Quit whining and get used to it. Blubbering, thumb-sucking babies.

juan
juan
December 19, 2012 3:18 pm

there was a song school children sang, freedom isn’t free. there was a time before the volunteer military when americans were required to sacrifice not only a portion of their earnings but their lives or the lives of their loved ones. if you are alive and residing in the united states and you have a legal status, whether by birth or by naturalization, you have and obligation to the nation to pay taxes on your earnings. your citizenship buys you a ticket to live here. it doesn’t buy you a ticket to live off the people here. you belong to the land, the land does not belong to you. if you don’t believe me, try emmigrating someday.

ThePessimisticChemist
ThePessimisticChemist
December 19, 2012 3:54 pm

@Spaceman – “I think of myself as being extremely passionate.”

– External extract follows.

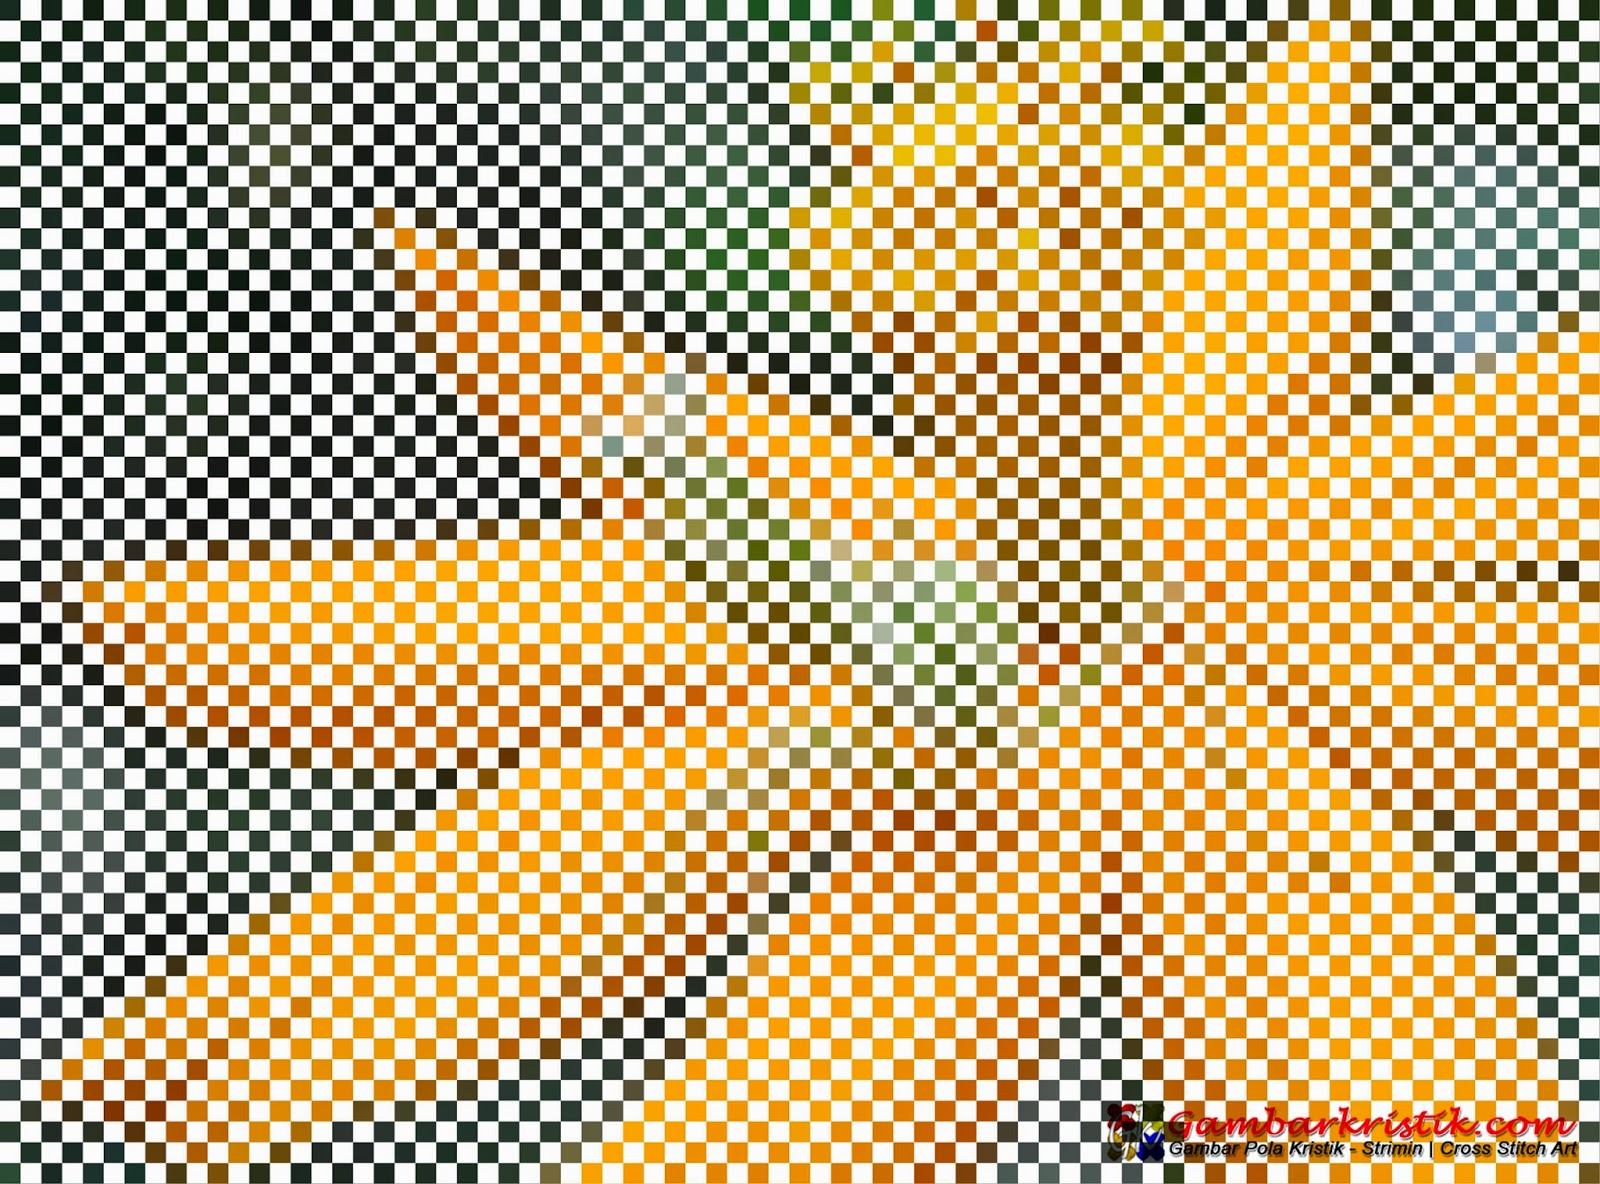 Gambar Anyaman Digital - Belalang di Bunga Kenikir Kuning

Thats what angry people always say.

@KB – “Get off your fucking spineless ass you simpering slave. It is YOU that allowed yourself to think of yourself as a slave and Its is YOU that is going to have to stick a cob up your pasted ass, to imitate a spine, and DO SOMETHING.”

With everything my wife and I have accomplished we are STILL just barely making it. Our IQs are well above average, and are both hard workers, putting in an average of 50 hours a week at our primary job, and another 10 or so at our second job (yes, we both work two jobs).

In short, I’ve “done something.”

I got lucky. Despite everything I have going for me, the last recession(2009) almost broke me. I stared that $20 in the face and thought, “bills, or food?” Bills won out.

I ended up stealing extra helping from the hospital cafeteria to make up the difference. I’m not proud of it, but thats about the only way me and my wife ate that winter.

Who knows what this recession will bring. I starved and saved all through the last one, and wouldn’t you believe it but I think I’ll be OK in this one, thanks to deliberately placing myself in a company that will not fail (barring natural disasters).

We can’t all get recession proof jobs. We can’t all get STEM degrees. The economy has completely failed my generation, and its pretty damned hard to absorb all the blame ourselves for being lazy when the jobs aren’t there to begin with.